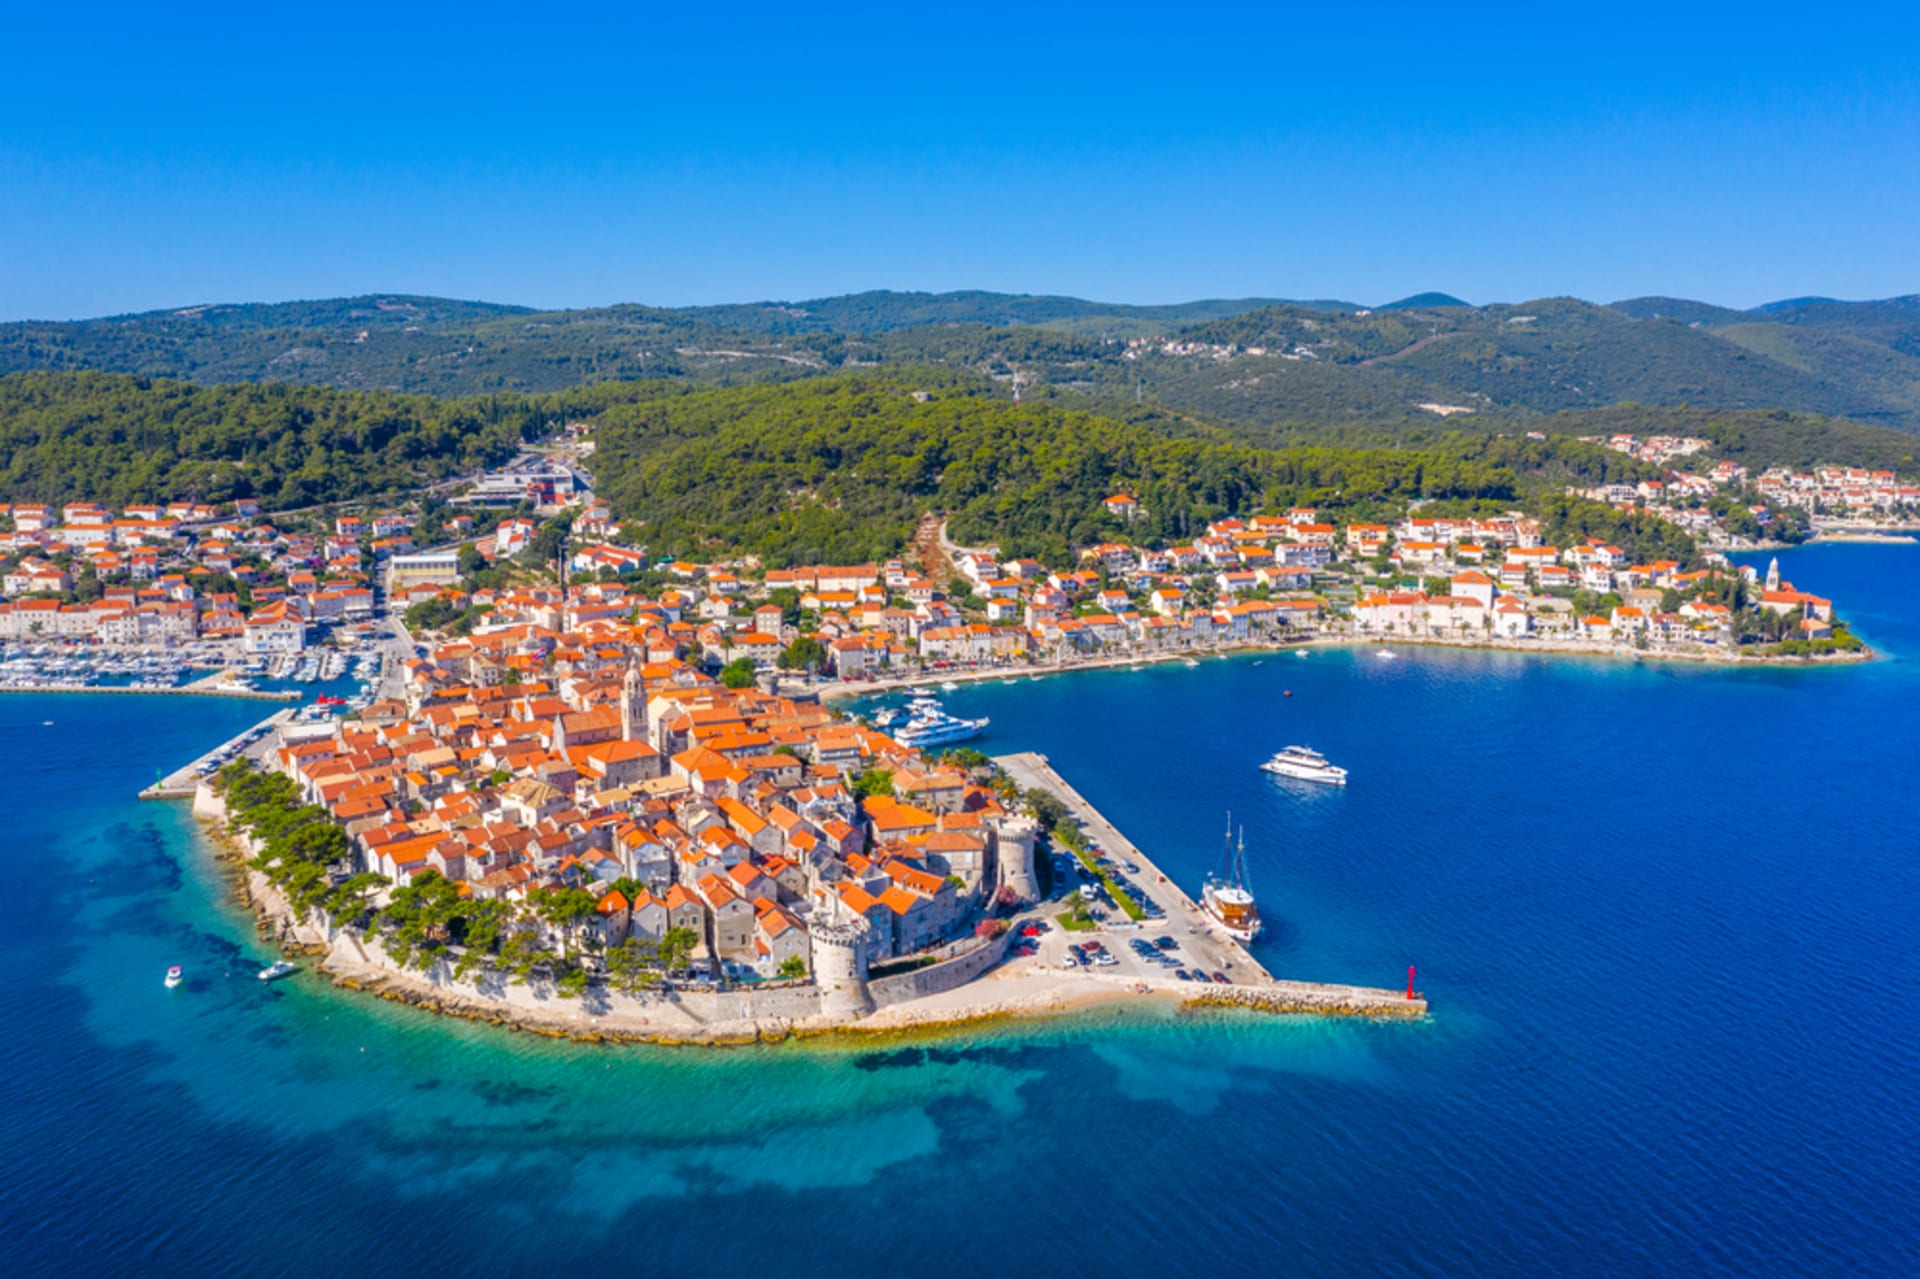 Pohled na město Korčula, které leží na stejnojmenném ostrově.
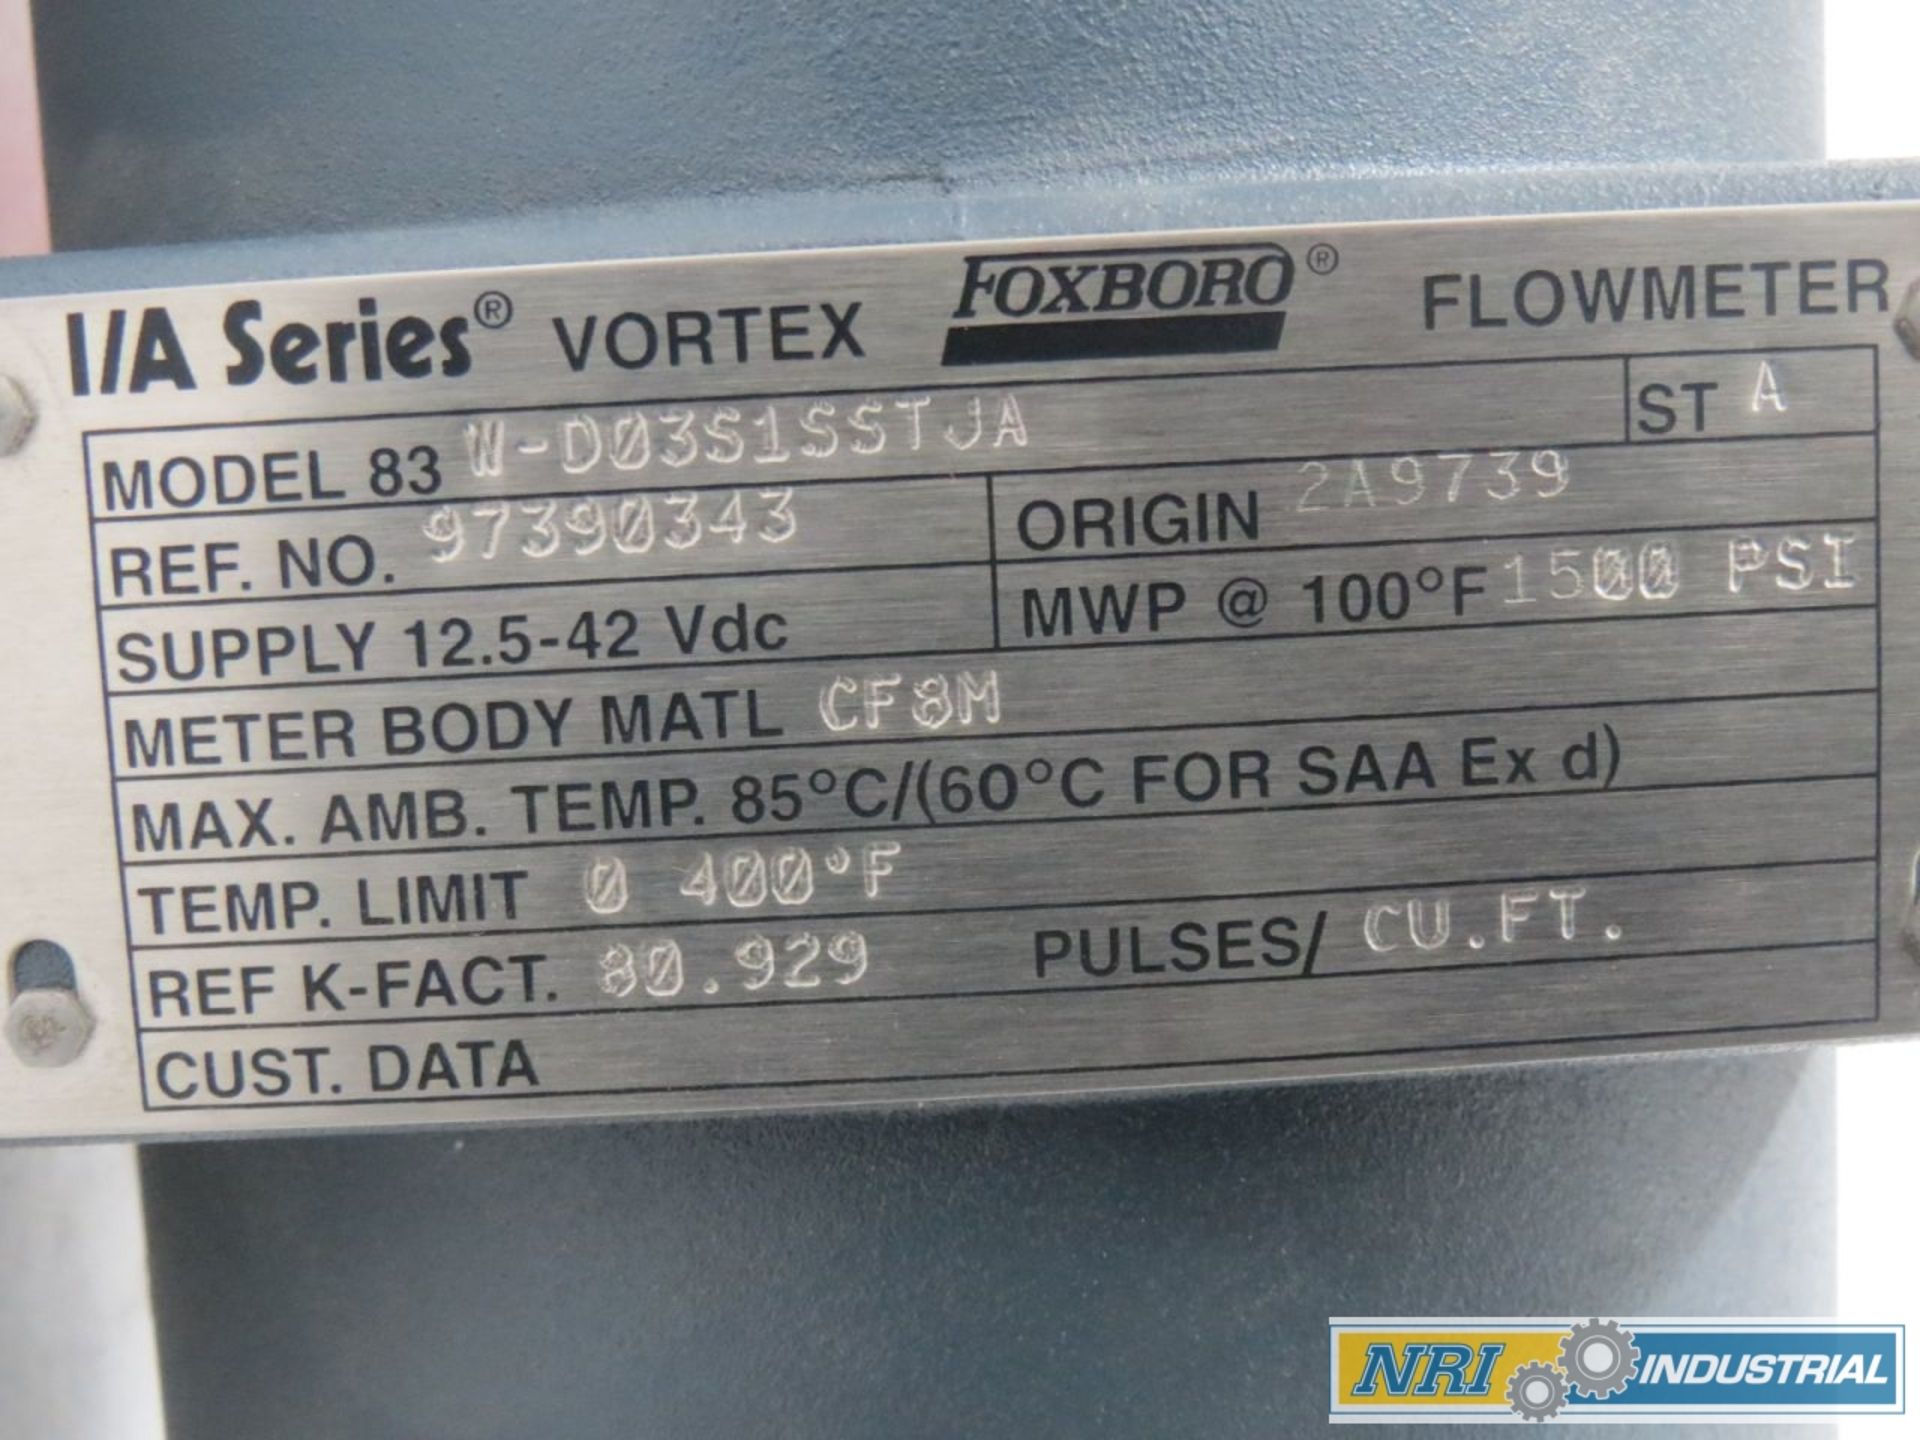 FOXBORO 83W-D03S1SSTJA I/A SERIES VORTEX 1/2 IN FLOWMETER - Image 4 of 4
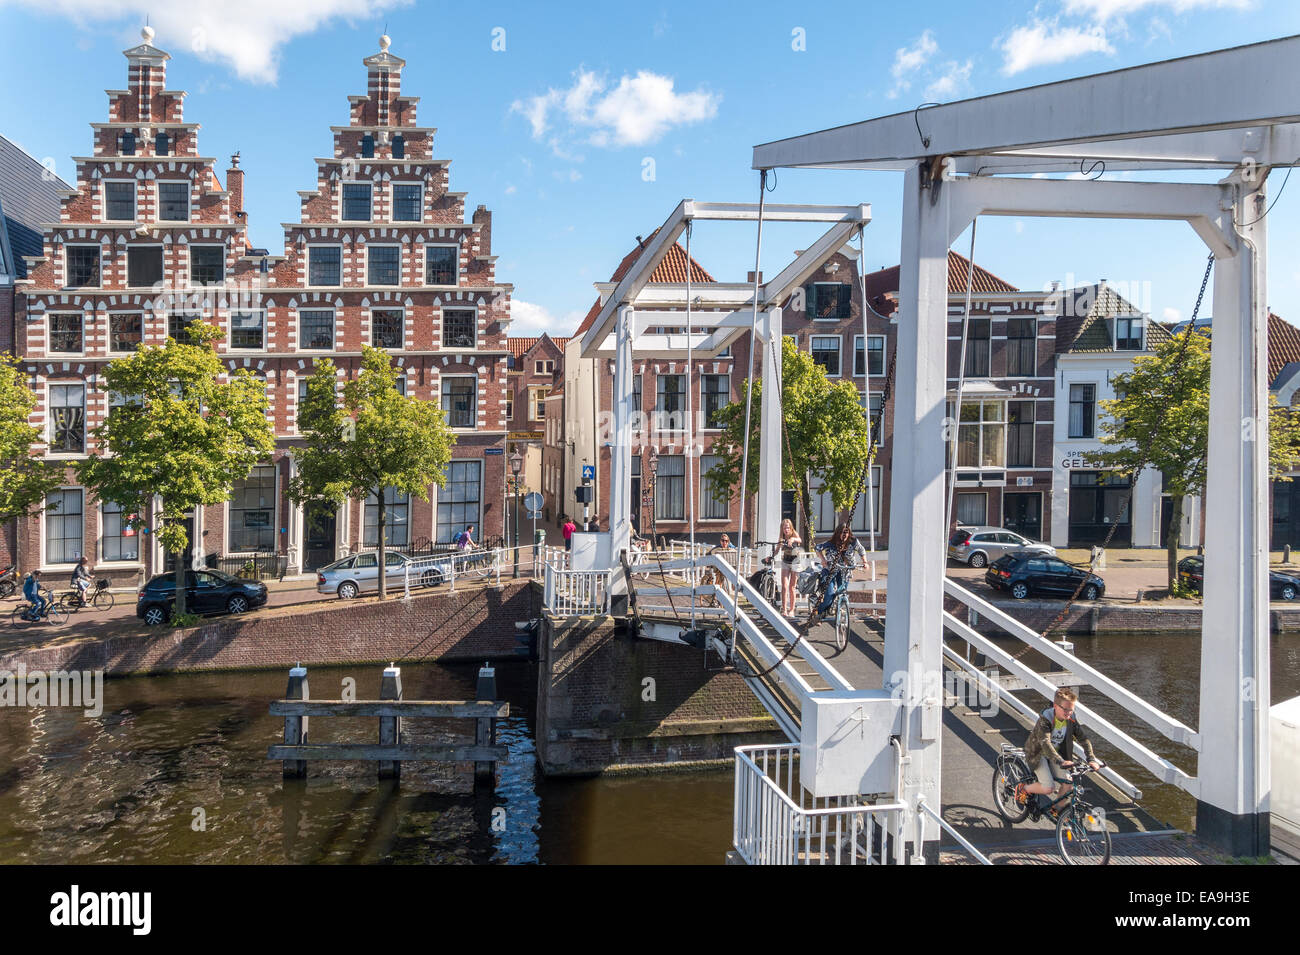 Haarlem hölzerne Zugbrücke für Fahrräder Fahrräder Zyklen. Gravestenen Brücke mit ehemaligen Brauerei die Olyphant (1606). Fluss Spaarne Kanal. Stockfoto
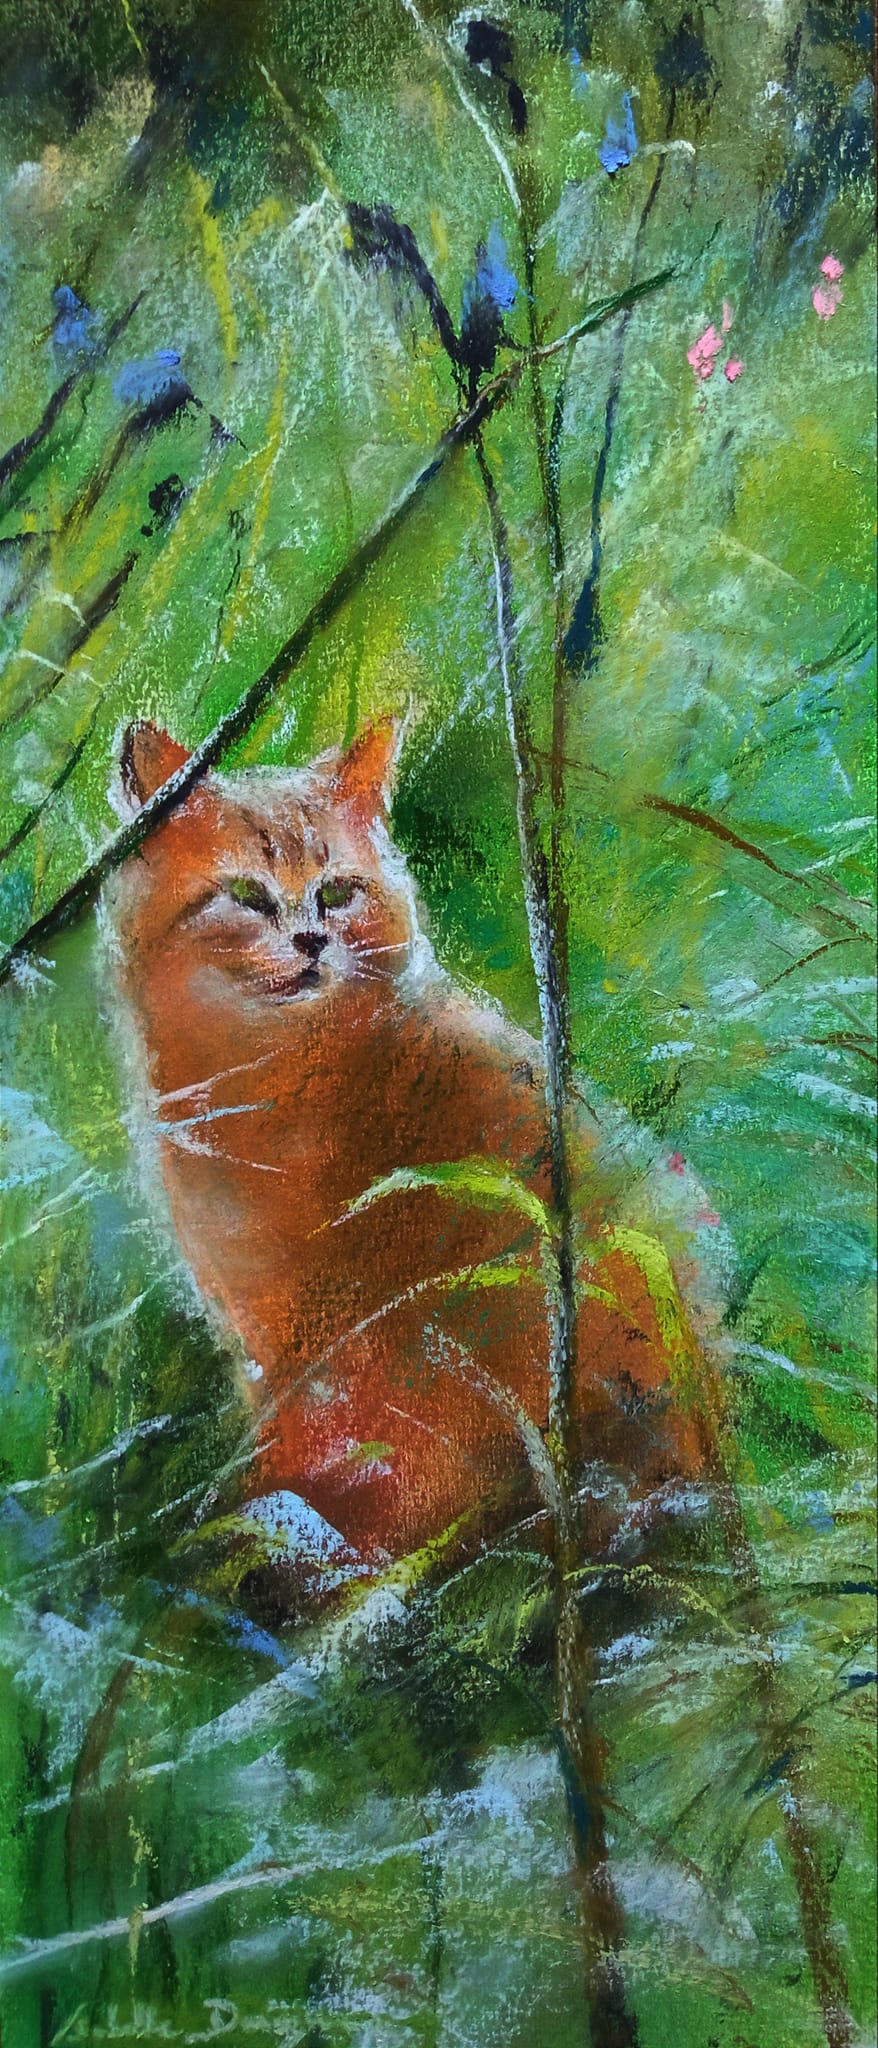 Mon voisin le chat roux - Peinture au pastel sec par l'artiste peintre Isabelle Douzamy - 30 x 57 cm (encadré)

● Work instructions
Pictures in the data above should not be copied; transcribe everything else exactly.

● Exercise result
 Pohled na město Korčula, které leží na stejnojmenném ostrově.
 FOXBORO 83W-D03S1SSTJA I/A SERIES VORTEX 1/2 IN FLOWMETER - Image 4 of 4
 Haarlem hölzerne Zugbrücke für Fahrräder Fahrräder Zyklen. Gravestenen Brücke mit ehemaligen Brauerei die Olyphant (1606). Fluss Spaarne Kanal. Stockfoto
 Mon voisin le chat roux - Peinture au pastel sec par l'artiste peintre Isabelle Douzamy - 30 x 57 cm (encadré)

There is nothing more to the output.